Erinnerungsunwillig

Juristen wird ja gern eine Neigung zu Rabulistik angelastet. Mit folgendem Text, einer Verteidigungsschrift, möchte ich dieses Vorurteil widerlegen. Es geht um den Vorwurf, eine Zeugin habe falsch ausgesagt, weil sie sich nicht mehr erinnern konnte (oder wollte), dass der Angeklagte sein Opfer nicht nur geschlagen, sondern auch getreten hat:

Gegen meine Mandantin ergibt sich kein hinreichender Tatverdacht.

Das Amtsgericht weist im Urteil selbst darauf hin, es sei offen, ob sich meine Mandantin nicht konkret an das damalige Geschehen erinnern konnte oder ob sie „erinnerungsunwillig“ war. Wenn sich der Richter in der Hauptverhandlung keine entsprechende Überzeugung bilden konnte, steht auch nicht zur erwarten, dass dies nachträglich möglich sein wird.

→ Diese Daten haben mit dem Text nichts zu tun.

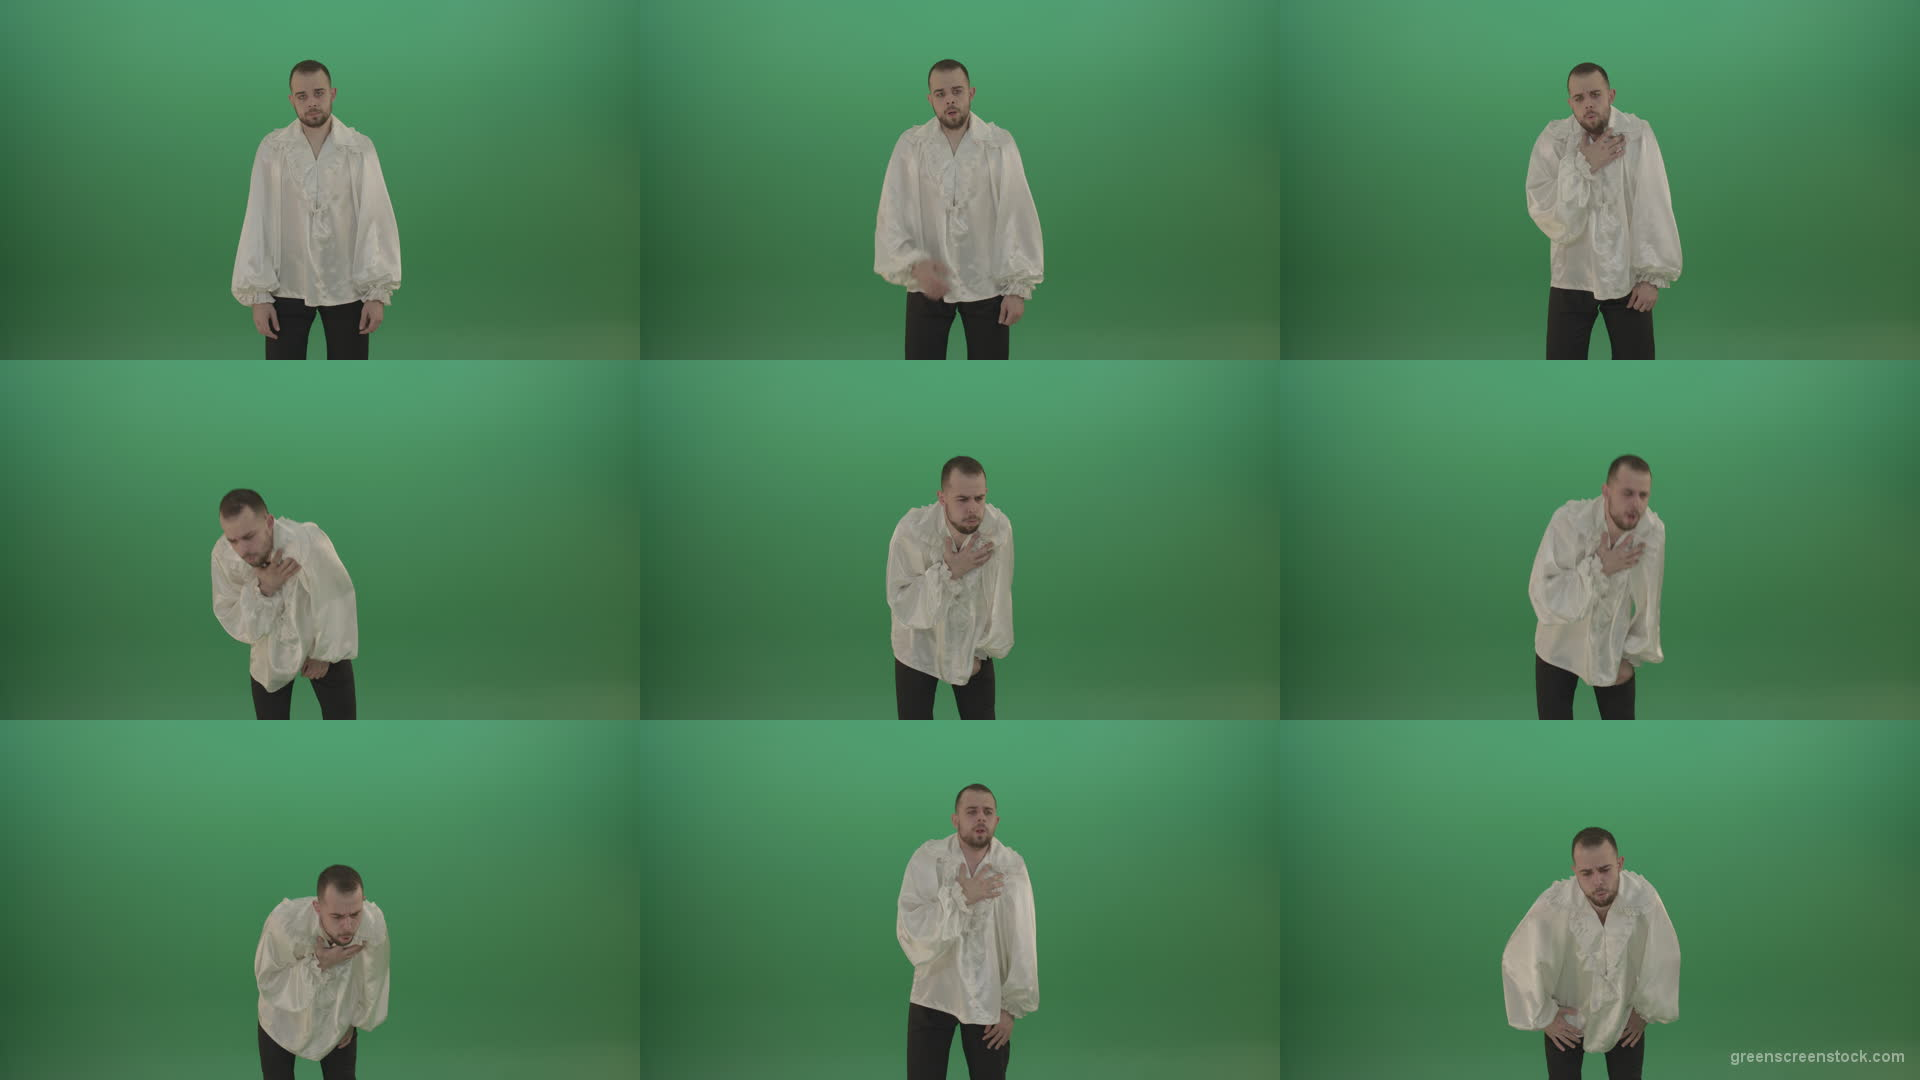 Man-is-very-coughing-infected-with-a-virus-isolated-on-chromakey-background Green Screen Stock

Überdies weist das Amtsgericht ausdrücklich daraufhin, seit der Tat seien immerhin neun Monate vergangen. Somit könne eine fehlende bzw. getrübte Erinnerung durchaus auf den Zeitablauf zurückzuführen sein.

Die damalige Sitzungsvertreterin, Amtsanwältin W., gibt in ihrem Einleitungsvermerk ( = Anzeige wegen Falschaussage) an, die Zeugen hätten zunächst gesagt, sie hätten die Tritte weder bemerkt noch gesehen. Allerdings, und dies ist entscheidend, hätten sie sich „nach intensiver Befragung und unter Vorhaltung ihrer polizeilichen Aussage“ doch an die Tritte erinnert.

Hieraus ergibt sich, dass auch meine Mandantin letztlich, entsprechend der polizeilichen Aussage, sehr wohl doch noch an die Tritte erinnert und entsprechend ausgesagt hat. Somit hätte meine Mandantin ihre Aussage noch innerhalb der laufenden Aussage korrigiert.

Eine Strafbarkeit wegen falscher uneidlicher Aussage kommt jedoch erst in Betracht, wenn die betreffende Aussage beendet ist. Bis zum Ende der Aussage kann diese jederzeit korrigiert werden, ohne dass sich der Aussagende strafbar macht.

Somit entfällt schon nach dem Einleitungsvermerk der Amtsanwältin der Anfangsverdacht gegen meine Mandantin, da diese die Tritte letztlich in ihrer Aussage angegeben hat – wenn auch erst zum Schluss.

Jedenfalls kann aber, so wie es das Amtsgericht festgestellt hat, letztlich nicht positiv festgestellt werden, dass meine Mandantin sich noch konkret an den immerhin neun Monate zurückliegenden Sachverhalt erinnerte und entgegen diesen Erinnerungen falsche Angaben machte. Vielmehr besteht auch die Möglichkeit, dass meine Mandantin tatsächlich keine hinreichende Erinnerung mehr an den Vorfall hatte. Hierfür spricht insbesondere auch der Umstand, dass meine Mandantin allenfalls eine „Randfigur“ der Ereignisse ist.

Das Verfahren wurde wegen fehlenden Tatverdachts eingestellt.